La petite fille fait oui de la tête. Cathie semble très embêtée.
— C’est ta maman qui vient te chercher ?
Oui de la tête.
— Tu veux appeler quelqu’un d’autre pour venir te chercher ce soir ? Ça fait déjà une heure que tu attends…
— C’est pas grave Cathie, j’ai l’habitude, répond la petite fille de sept ans.
— Oui mais je dois partir et ça m’ennuie de te laisser toute seule…
— Je suis pas toute seule !
Nora montre les sportifs du doigt, Cathie soupire. Elle sait que sa maman n’est pas une bonne personne, mais elle ne peut rien faire. En tendant la main, Nora dévoile une épaule mal couverte par un T-shirt beaucoup trop grand pour elle, laissant apparaître un hématome sur la clavicule. Cathie ne l’avait pas remarqué pendant le cours de danse et cette vision lui fend le cœur.

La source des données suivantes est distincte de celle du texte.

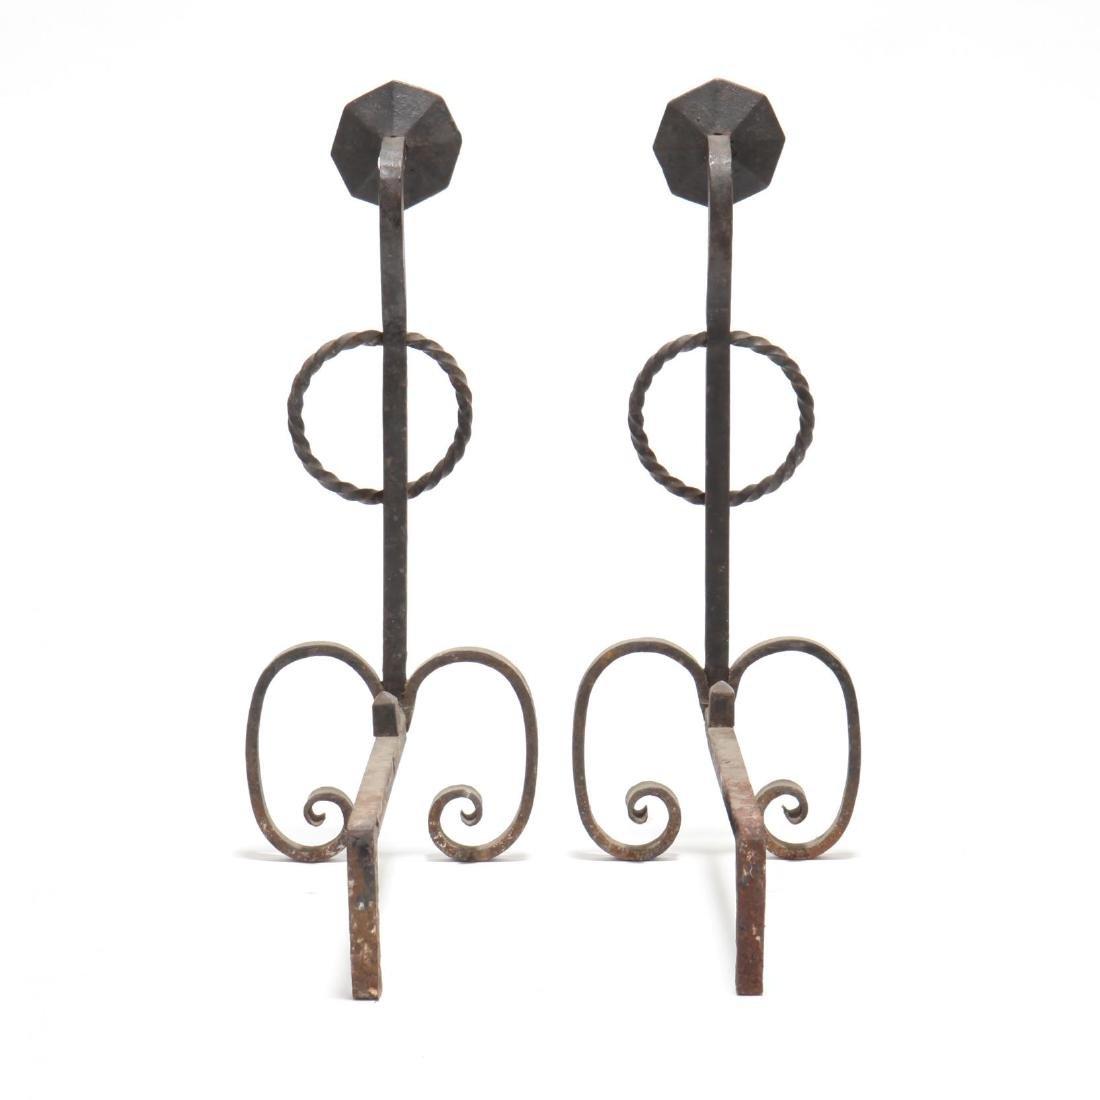 Pair of Wrought Iron Andirons - 2

— Nora, dit-elle doucement en s’approchant de la petite fille, je peux t’aider si tu veux. Tu peux même venir dormir à la maison ce soir.
— Je peux pas Cathie.
— Tu aimerais dormir un autre soir chez moi alors ? demande-t-elle avec toute la gentillesse du monde. Je suis sûre que ça ferait super plaisir à Petit Gustave de jouer avec toi !
Petit Gustave c’est le chien de Cathie. Il est tout petit, avec des mini papattes et un très long nez. Parfois, il marche sur ses oreilles qui sont trop grandes et qui traînent par terre. Nora aimerait beaucoup jouer avec Petit Gustave et dormir chez Cathie, mais elle a trop peur que maman la tue si elle fait ça.

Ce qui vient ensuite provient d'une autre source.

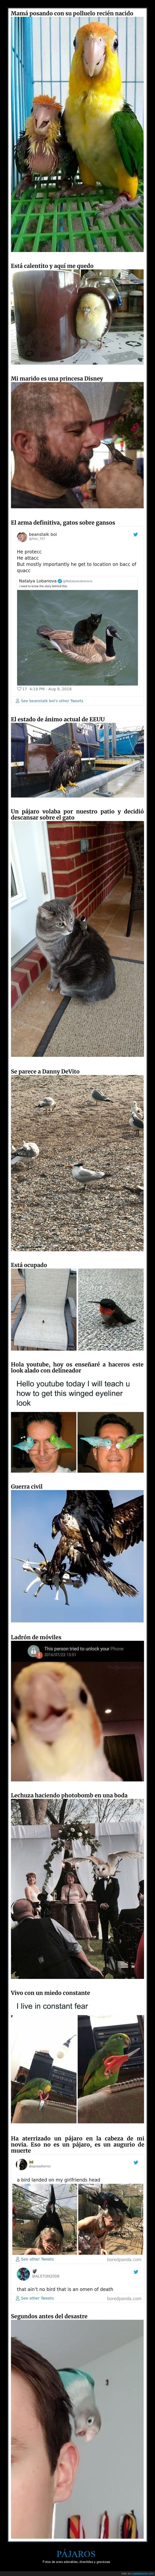 aves,pájaros,wtf

Elle ne répond pas à sa prof de danse. Son silence achève de briser le cœur de Cathie qui devine ce qu’il se passe sans savoir comment agir. Un soir, Nora s’est évanouie pendant le cours. La jeune prof l’a fait emmener à l’infirmerie du complexe sportif et quand sa mère est venue la chercher (près d’une heure et demie plus tard), Cathie lui a fait part de ses inquiétudes quant à l’état de santé de sa fille. Elle est entrée dans une rage folle :
— Mêlez-vous de ce qui vous regarde sale conne ! Je sais comment m’occuper de ma fille et si elle est punie, c’est qu’elle le mérite ! Si j’apprends que vous avez encore fourré votre nez dans ce qui ne vous regarde pas, non seulement Nora ne mettra plus les pieds ici mais surtout vous le regretterez amèrement !
La situation est complexe. Nora est fille unique, son papa est mort alors qu’elle n’était qu’un bébé et sa maman a hérité de sa fortune et de sa cave… C’est une femme très riche, très mince, et très cruelle. Une sorcière. Nora est une petite fille calme et intelligente, elle a de bonnes notes à l’école mais sa mère la terrorise. Elle ne profite évidemment jamais des besoins matériels que sa mère pourrait tout à fait lui fournir, préférant son plaisir et les jeunes hommes au bien être de sa fille, qu’elle voit comme responsable de la mort de son mari. Si les résultats scolaires sont moins bons que d’habitude, les punitions vont des coups de poêles à la privation de nourriture pendant parfois une journée entière. La pression psychologique et physique est constante, mais Nora accepte sans comprendre que sa vie est un enfer.
Cathie regarde la petite fille, assise seule dans les gradins, fascinée par les boxeurs. Elle sait que si sa maman arrive et la voit avec son enfant, les conséquences peuvent être terribles. Parfois, elle voudrait que Nora assiste aux cours de boxe plutôt qu’à la danse pour apprendre à se défendre contre sa mère diabolique…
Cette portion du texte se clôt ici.